Table 1Go compares the mean age, BMI, measurements of body fat distribution, fasting insulin, Si, HR, and the determinants of HRV for men and women in the study. Although the men and the women had similar age and BMI, the women had significantly greater bicep and tricep skinfold thicknesses. They also had higher fasting insulin levels and lower Si. Women also had higher resting HRs, higher HF power (representing vagal tone) but lower LF power (representing sympathetic with vagal tone), giving a higher ratio of HF to LF power, suggesting less sympathetic and more vagal drive. Because of these gender differences, the data for men and women are presented separately.

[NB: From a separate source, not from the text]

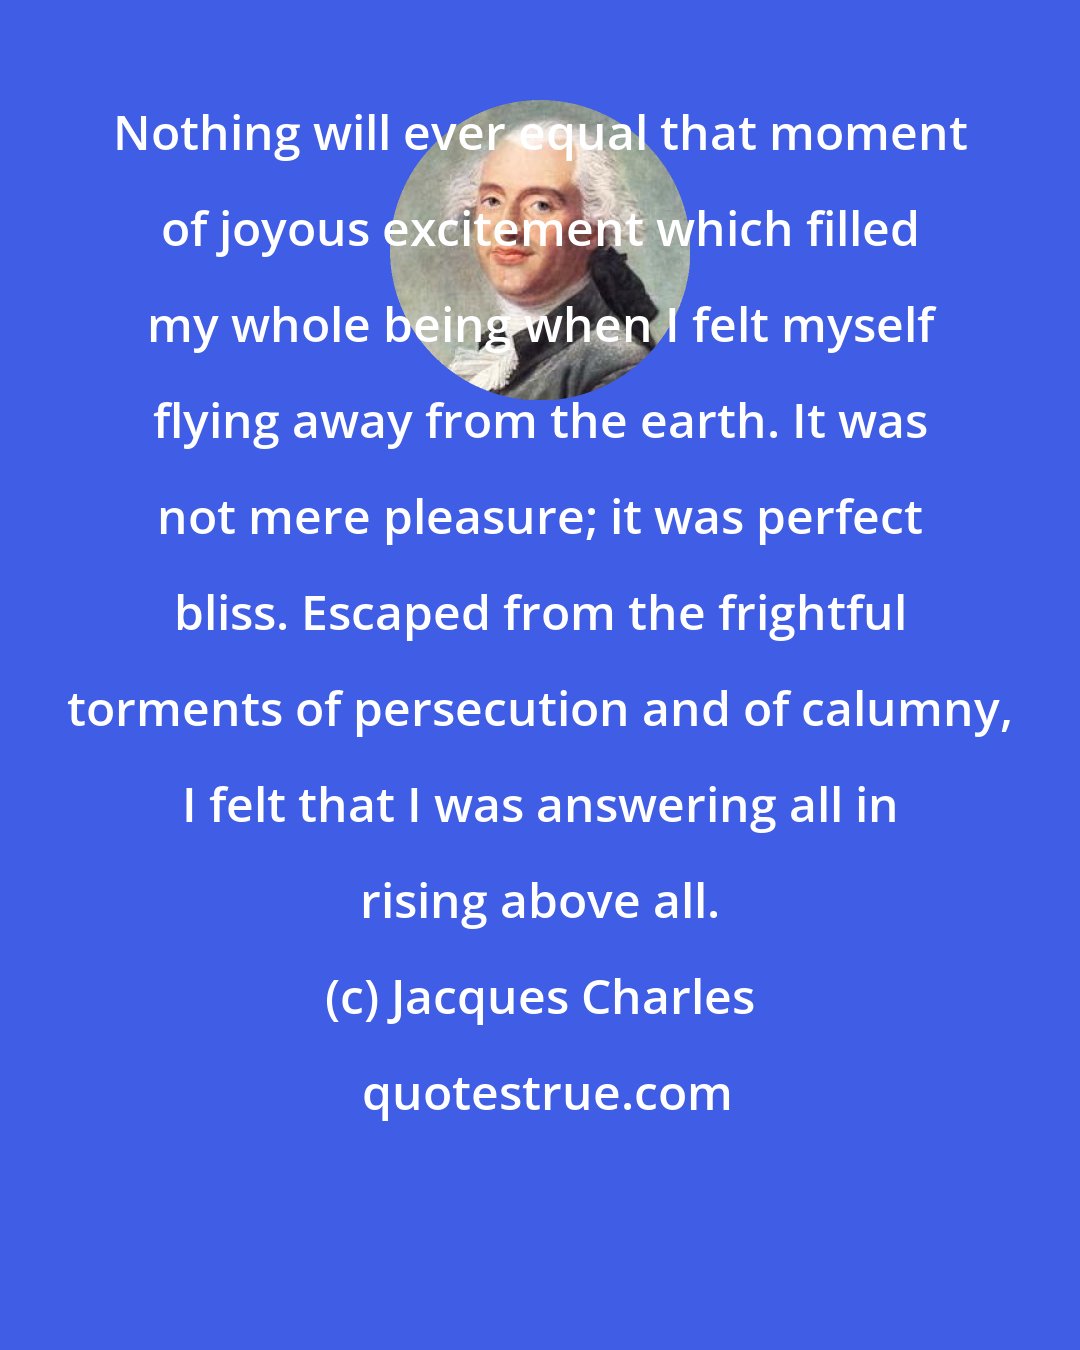 Jacques Charles: Nothing will ever equal that moment of joyous excitement which filled my whole being when I felt myself flying away from the earth. It was not mere pleasure; it was perfect bliss. Escaped from the frightful torments of persecution and of calumny, I felt that I was answering all in rising above all.
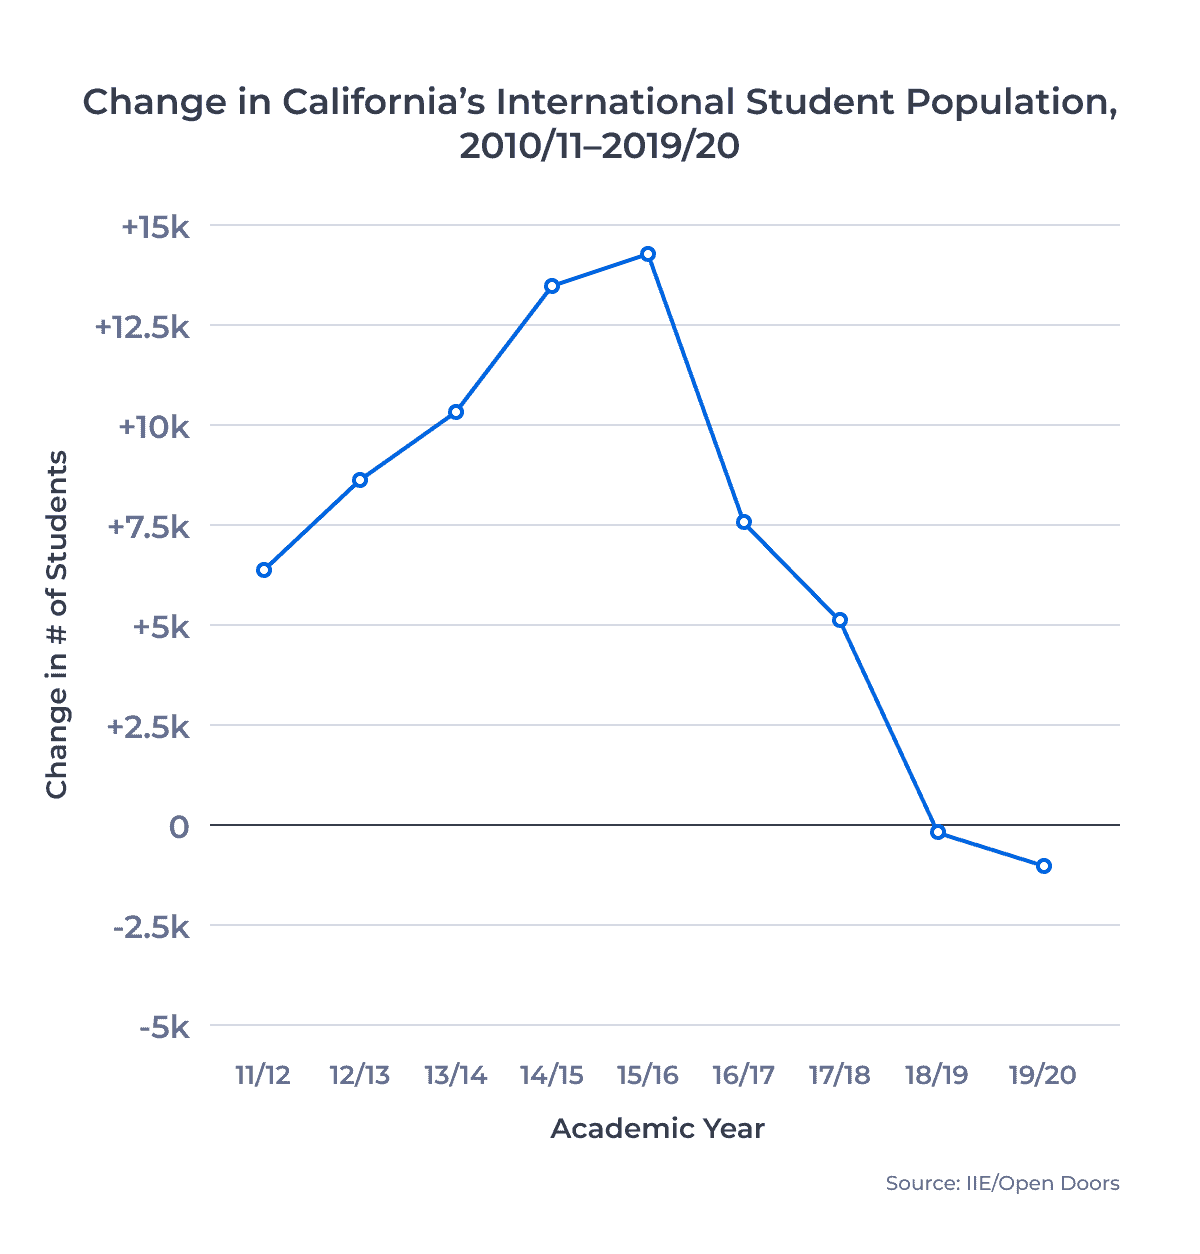 Line chart showing the change in California's international student population from the 2010/11 to 2019/20 academic year. Examined in detail below.

Figure 1Go shows the relationship between Si and HR for men and women. Men, with a lower HR, were more insulin sensitive (r = -0.410, P = 0.004). However, in women, there was no association between Si and the resting HR (P = 0.67). Although Si correlated strongly with all indices of obesity in both genders (P < 0.001), HR was not associated with indices of obesity in either men or women. HR was higher in subjects reporting a lower level of physical activity (none, 69; moderate exercise or more, 64; P = 0.04) but was not associated with either smoking habit or alcohol consumption. In a multiple regression analysis in men (with Si as the dependent variable and HR, BMI, and the usual level of physical activity as independent variables), the effects of HR (P < 0.001) and BMI (P = 0.001), but not physical activity, were statistically significant. In a similar regression analysis in women, Si was associated with BMI (P < 0.001) but not HR or physical activity. The interaction between gender and HR was tested in a least-squares regression model with Si as the dependent variable and BMI, HR, gender, and the interaction term (gender x HR). The interaction term was significant at P = 0.002.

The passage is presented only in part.